Las opiniones se instalan con fuerza sobre todo allí donde se refieren a cuestiones abiertas o no saldadas. Uno tiende a “instalarse” en una opinión, cargarla libidinalmente, generar apegos a ella porque de eso depende, en muchos casos, la autoestima. En la búsqueda por validarse a sí mismo actúa el “poder social” y no la verdad que podría proporcionar una institución abocada al conocimiento. En el peso de ese “poder social” juega un rol central la autoridad vigente. Cuánto más corre esa autoridad vigente el límite entre opinión y “verdad”/conocimiento más proliferan las opiniones no falseadas y más se pierde el pensamiento crítico (la experiencia de extrañeza ante el objeto imprescindible para su conocimiento). La opinión prejuiciosa olvida esa relación con el objeto, se abstrae de él y asume una dinámica alienada (aunque no menos fanática).

Cuando el poder social que sanciona “la verdad” de las opiniones es legitimado, o peor aún, cuando desde las posiciones más encumbradas se enuncian prejuicios fosilizados, no sólo se inmuniza ante la crítica sino que alienta expectativas de una superioridad (siempre perdida) entre quienes la hacen suya. Al servicio de esa satisfacción narcisista que provoca el sentirse dueño de un saber que se tornó público acuden las modalidades del racismo, la xenofobia, así como múltiples expresiones de la discriminación que se convierten en el combustible de agitador fascista. Con la ayuda inestimable de una esfera pública digitalizada, el agitador azuza la descarga de expresiones de odio sobre aquellas identidades previamente vulnerabilizadas. Es a través de los prejuicios que puede instituirse un sistema político antidemocrático de masas.

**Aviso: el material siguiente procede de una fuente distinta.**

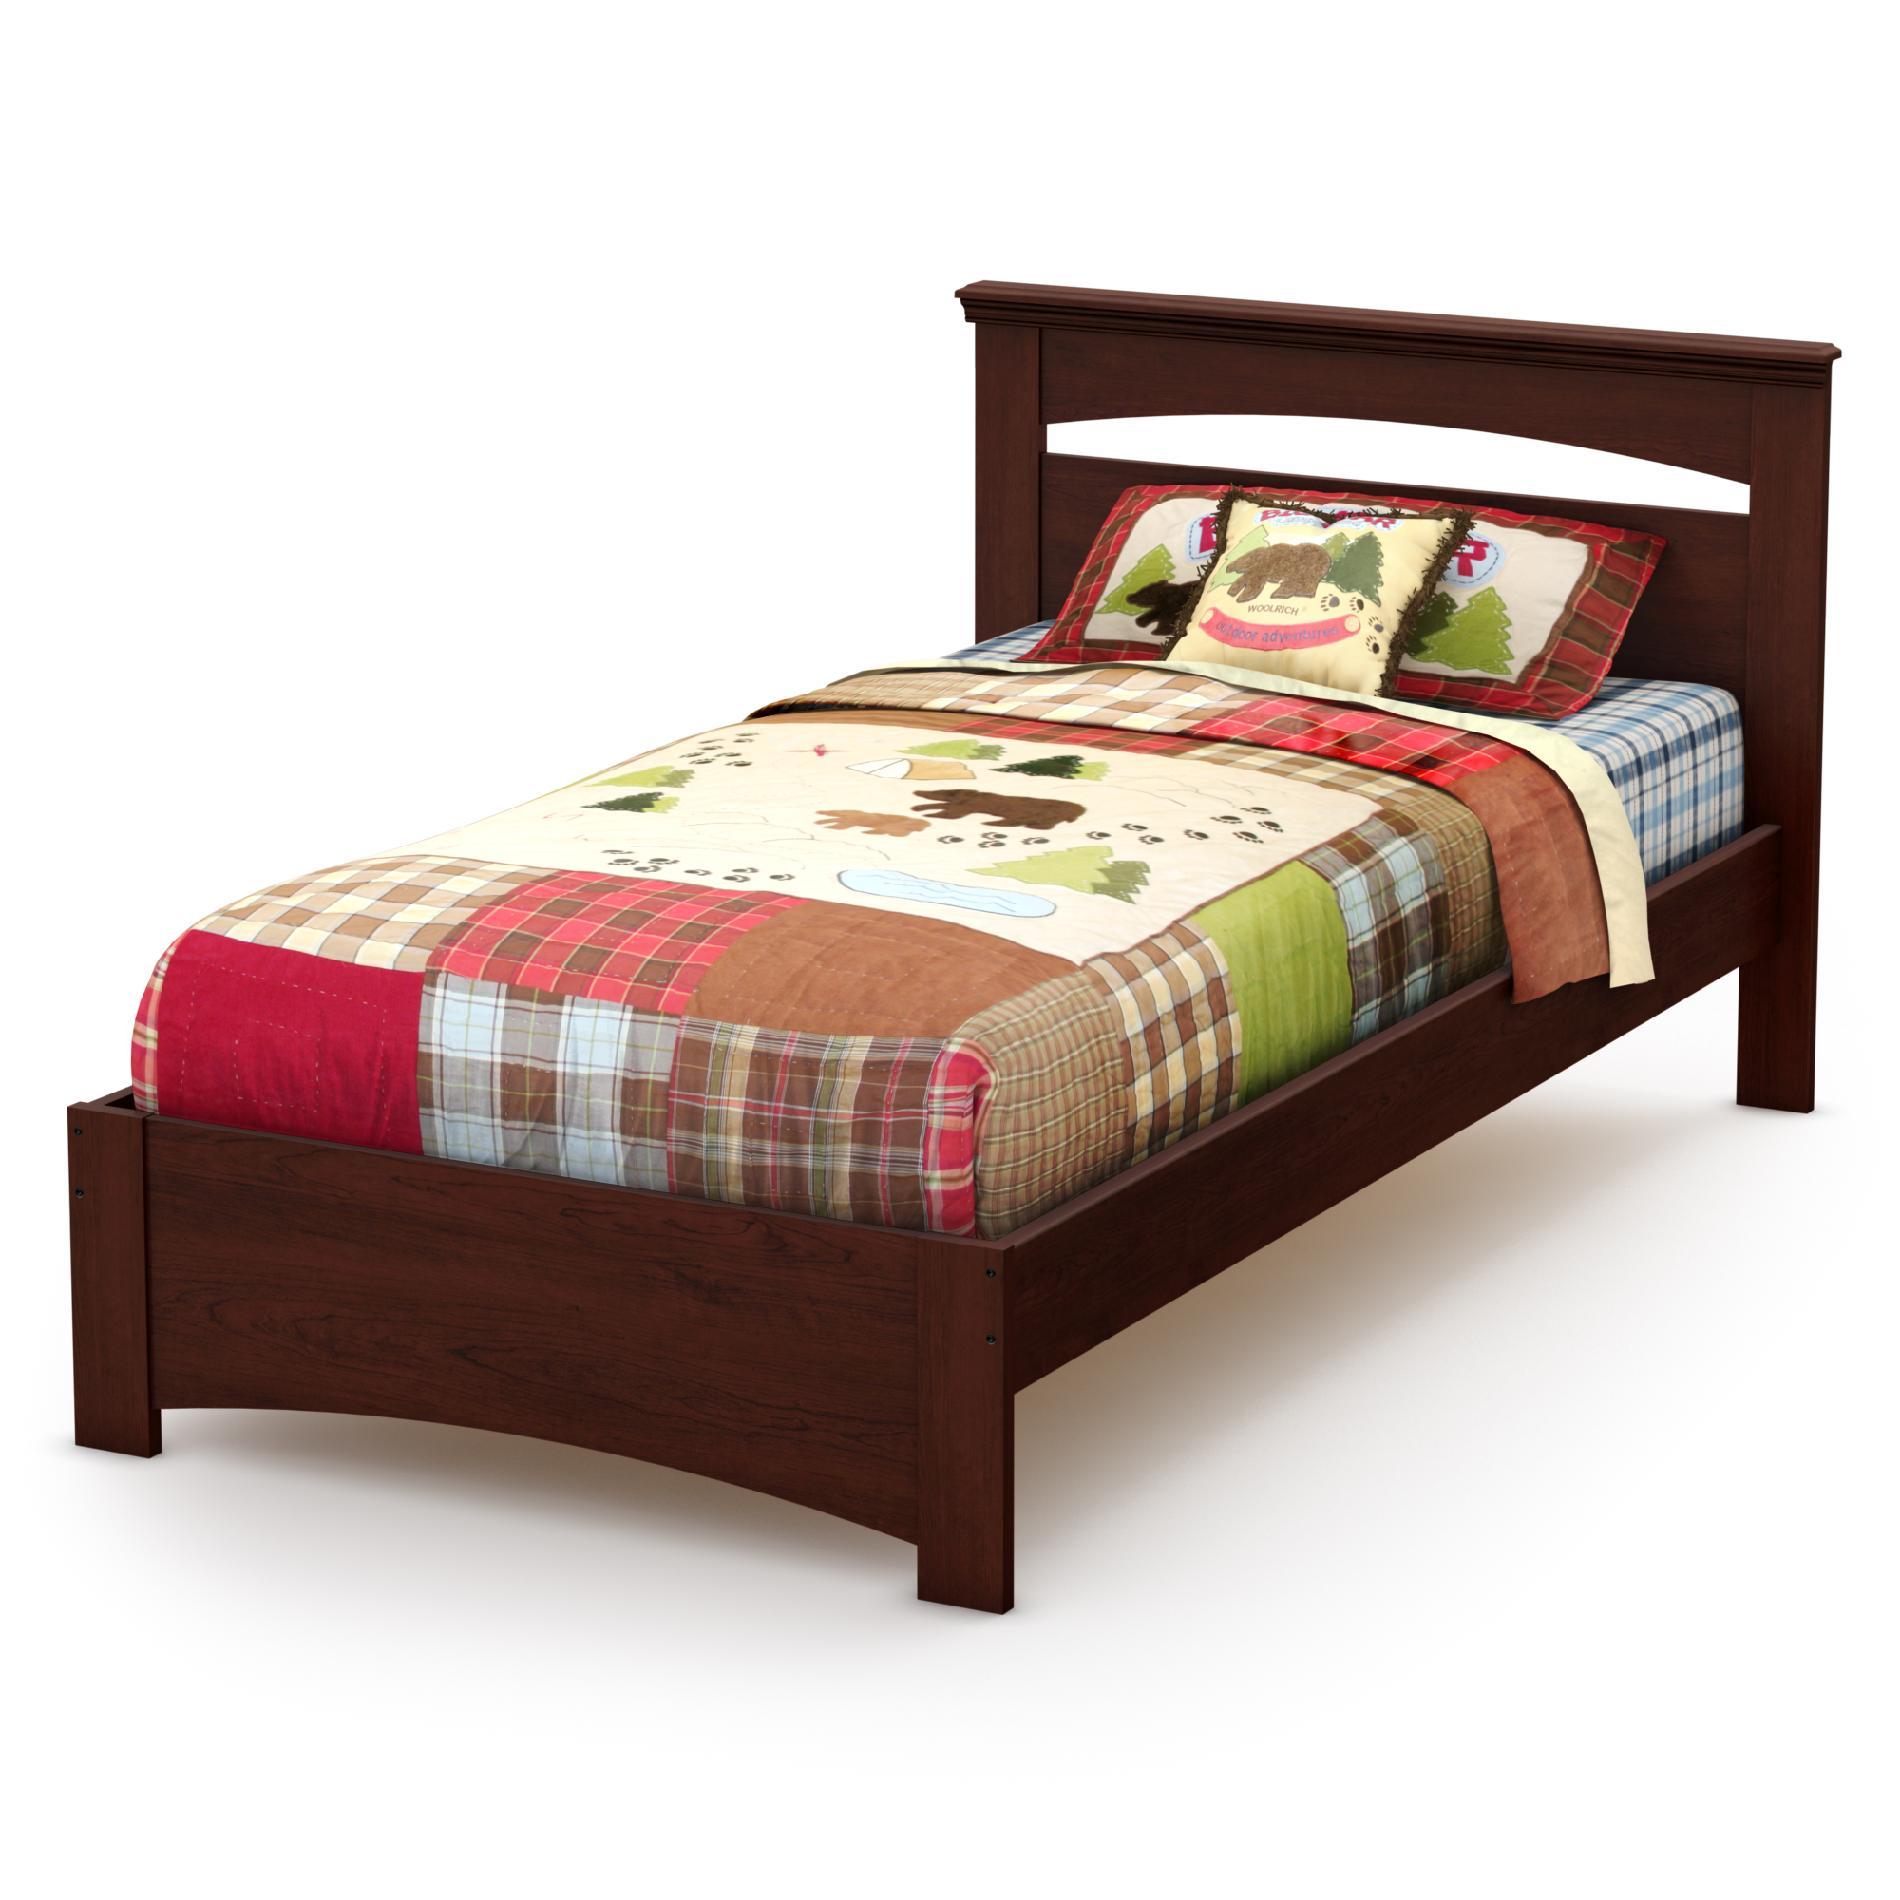 kids' beds | kids' bunk beds - sears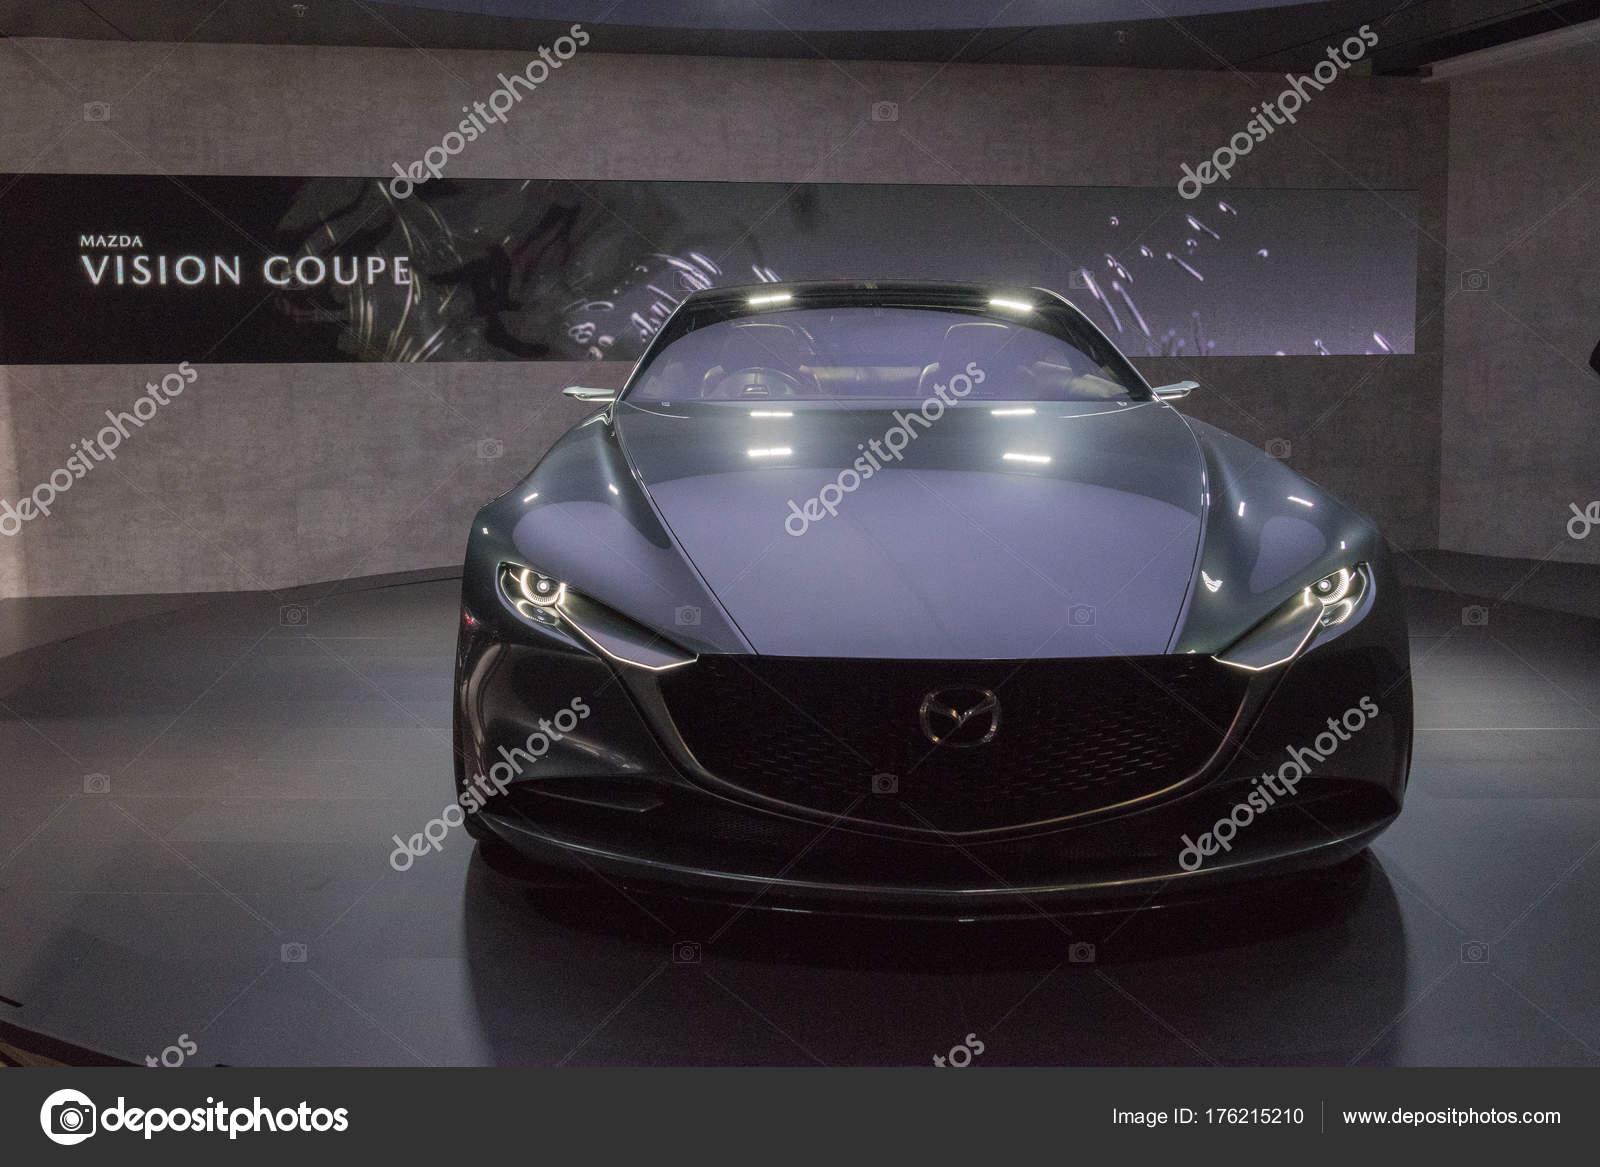 https://st3.depositphotos.com/1955233/17621/i/1600/depositphotos_176215210-stock-photo-mazda-vision-coupe-concept-on.jpg

La irracionalidad de las personas se torna habitual, decía Adorno, en la irracionalidad del todo y es esta última la que puede inducir ciertos comportamientos políticos. Cuando es la opinión pública la que no sólo aloja sino que alienta e incita expresiones crueles nutridas de opiniones/prejuicios destructivos se torna aún más urgente atenderla. Las transformaciones aceleradas en la esfera pública a la que asistimos en las últimas décadas tornan aún más actual estas reflexiones, pues en sus manos las opiniones, aún las mas delirantes, se viralizan creando comunidades (burbujas y cámaras de eco) que, al estilo de las viejas sectas religiosas, producen filiaciones hacia dentro y desacreditaciones hacia afuera por demás violentas.

III

La habilidad de los agitadores y la gran eficacia de sus discursos está en saber captar la base sobre la que actúan: mecanismos psíquicos, malestares objetivos a los que reinterpretan en clave de síntomas de una crisis terminal y, luego, la construcción ideológica de la necesidad de un cambio radical a ser realizado de su mano. Para institucionalizar ese cambio no tienen un tiempo demasiado extenso porque las estratagemas eficaces en el momento del caos dejan a la vista sus hilachas cuando las gratificaciones que otorgaban las descargas de violencia y el deseo de destrucción menguan. Cuando la atracción que producía la locura disfrazada de coraje pierde su maquillaje desnudando su docilidad con los dueños del poder. Cuando bajo la promesa redentora no se logra otra cosa más que extender y eternizar los sacrificios reclamados. Cuando las esquirlas de la implosión caen demasiado cerca de uno. Cuando se advierte que la refundación de la nación es el retorno a una idea censitaria del voto y a una comunidad que condena al ostracismo a aquellas identidades que no coinciden con quién domina. Cuando, por fin, se torna evidente que ese “pequeño gran hombre” que supo hacerse escuchar es el ventrílocuo a través del cual nunca dejó de hablar la fuerza del capital.